Automating the impossible

Author Evan Jones Thorne
Published
June 01, 2014 - 10:30am

As early as the 1980s, master moldmaker Len Graham has been trying to figure out how to automate moldmaking. His brainchild, the “megacell” in the medical containers and closures division of Rexam Mold Manufacturing, Buffalo Grove, Ill., is a proving ground for new automation techniques in an industry previously considered impossible to automate.

Berry Plastics Corp., Evansville, Ind., purchased Rexam in 2014, but Graham’s production line continues to operate, with Graham serving as business unit leader. By using a robotic arm on a track to move parts from one section of the process to another and a standardized, palletized tooling ball to provide a fixed reference point for the CAD/CAM software controlling each machine, he’s already accomplished what others told him was impossible … and he’s not done yet.

IMG_6053.tif
All images courtesy Alan Rooks

The robot and part-management carousels on rail No. 1 of Rexam's manufacturing megacell.

CTE: How did you come up with the idea to automate moldmaking?

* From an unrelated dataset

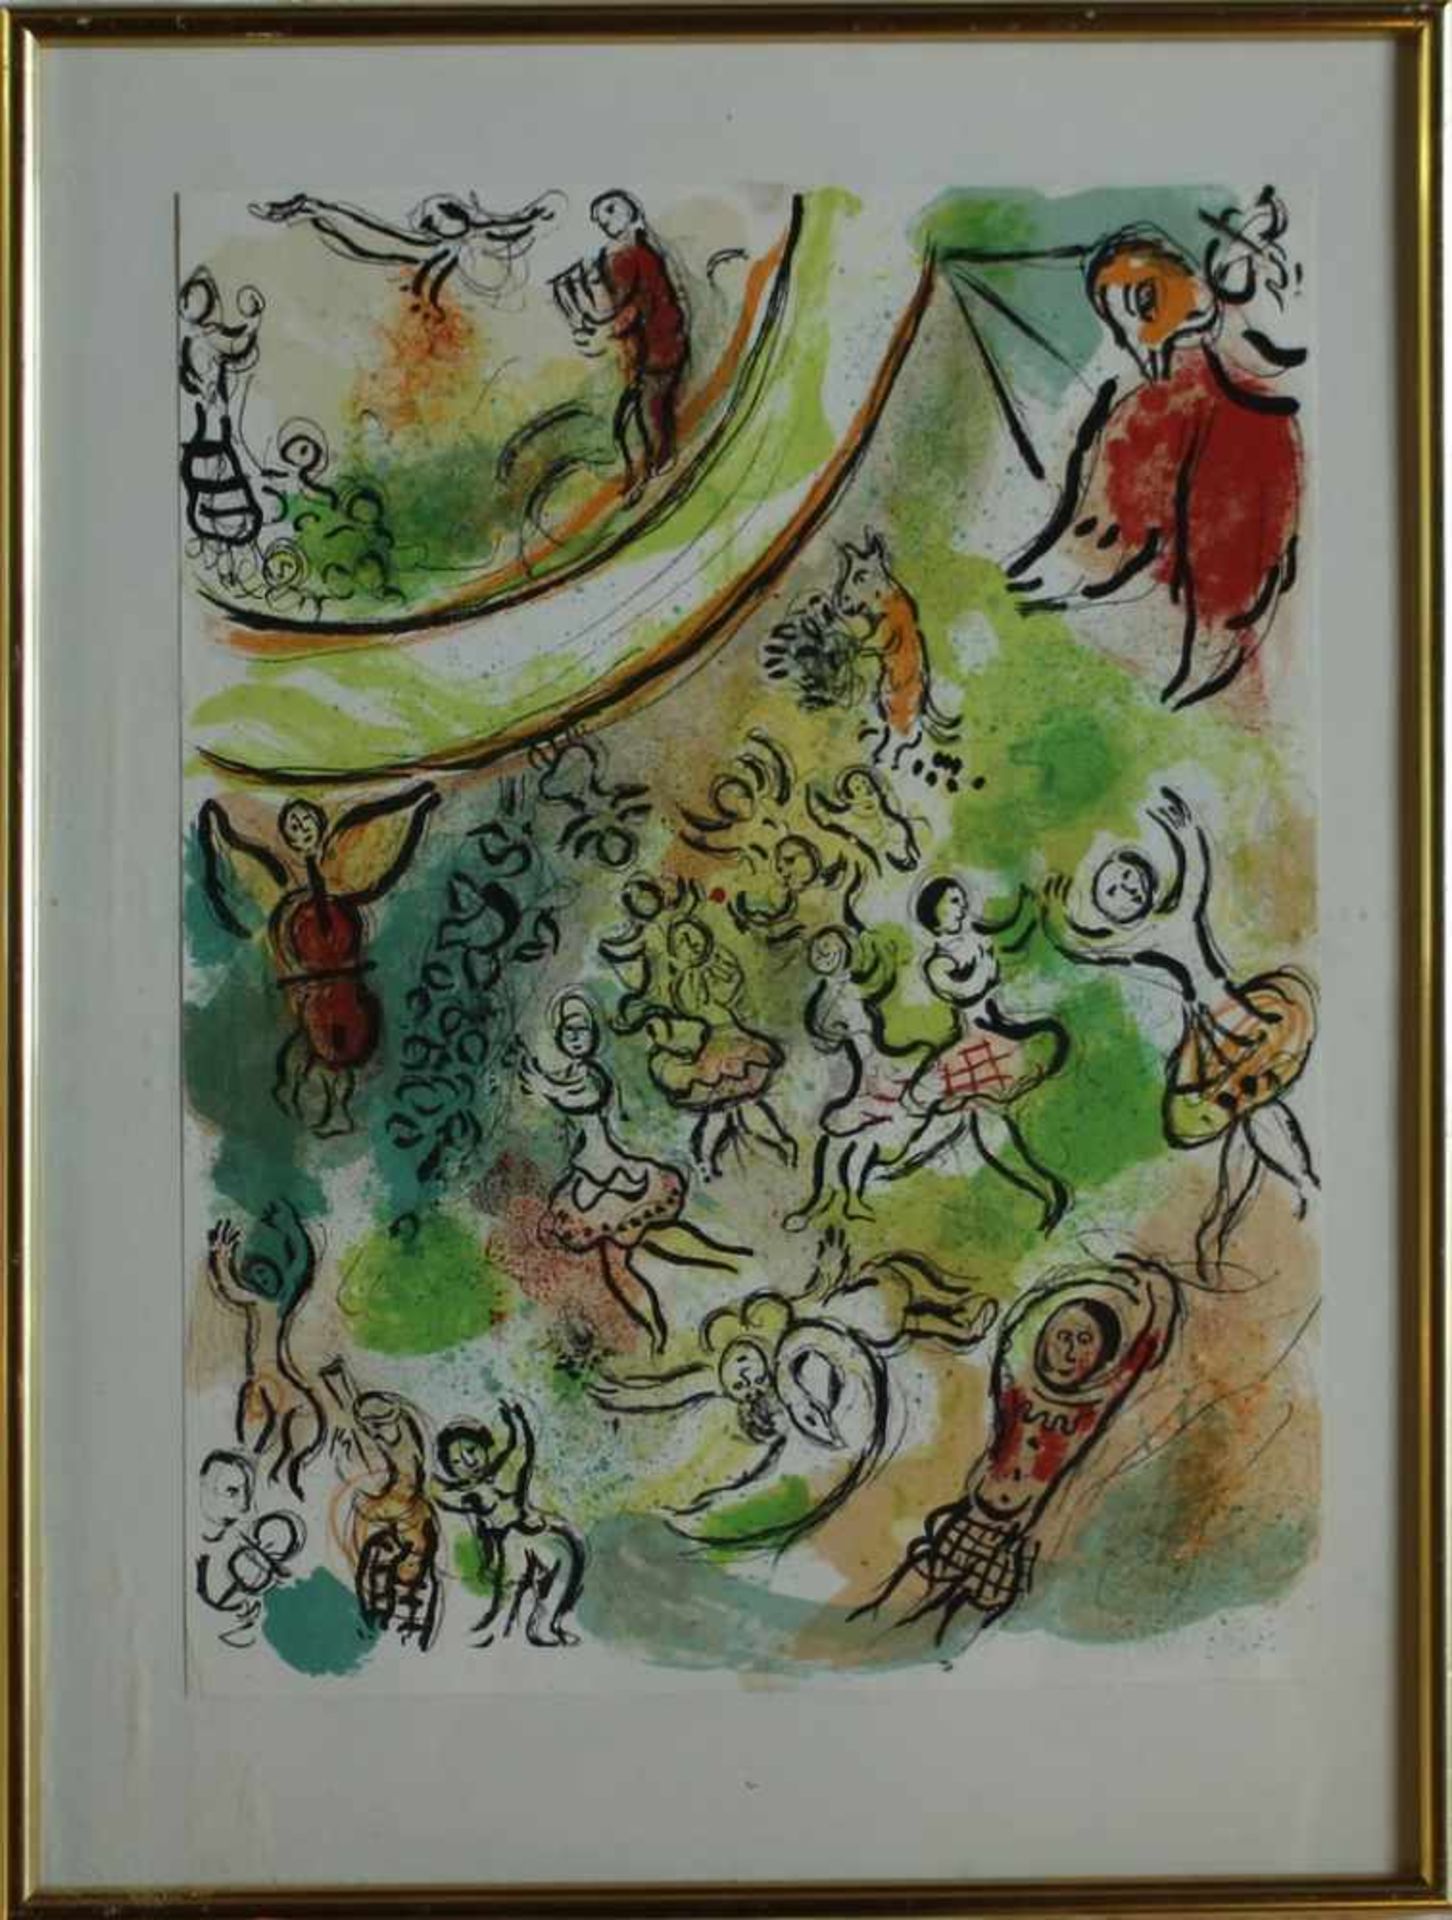 Chagall, Marc1887 Witebsk-1985 St. Paul de Vence, "Reliefen de l'opera", Farblitho., heitere Szene

Graham: I’ve had these ideas rolling around in my head since the ’80s. People used to call me a lunatic, telling me it’s impossible to automate moldmaking because it’s a discipline that takes 20 years to get any good at. But from the time I was 16 years old, I realized that even though every cavity is different, at the end of the day, they’re either round or square. You’re either grinding it one way or another. Why can’t a robot do that?

CTE: What is the principle behind the tooling ball?

Graham: Every tooling ball is exactly 21/2" from the base to the centerline of the ball. That way, all you have to do is have the computer measure the distance between the center of the ball and the surface of the part, and you know exactly how much you have to grind at any given point. The measurements aren’t relative to the part; they 're relative to the constant location of the centerline.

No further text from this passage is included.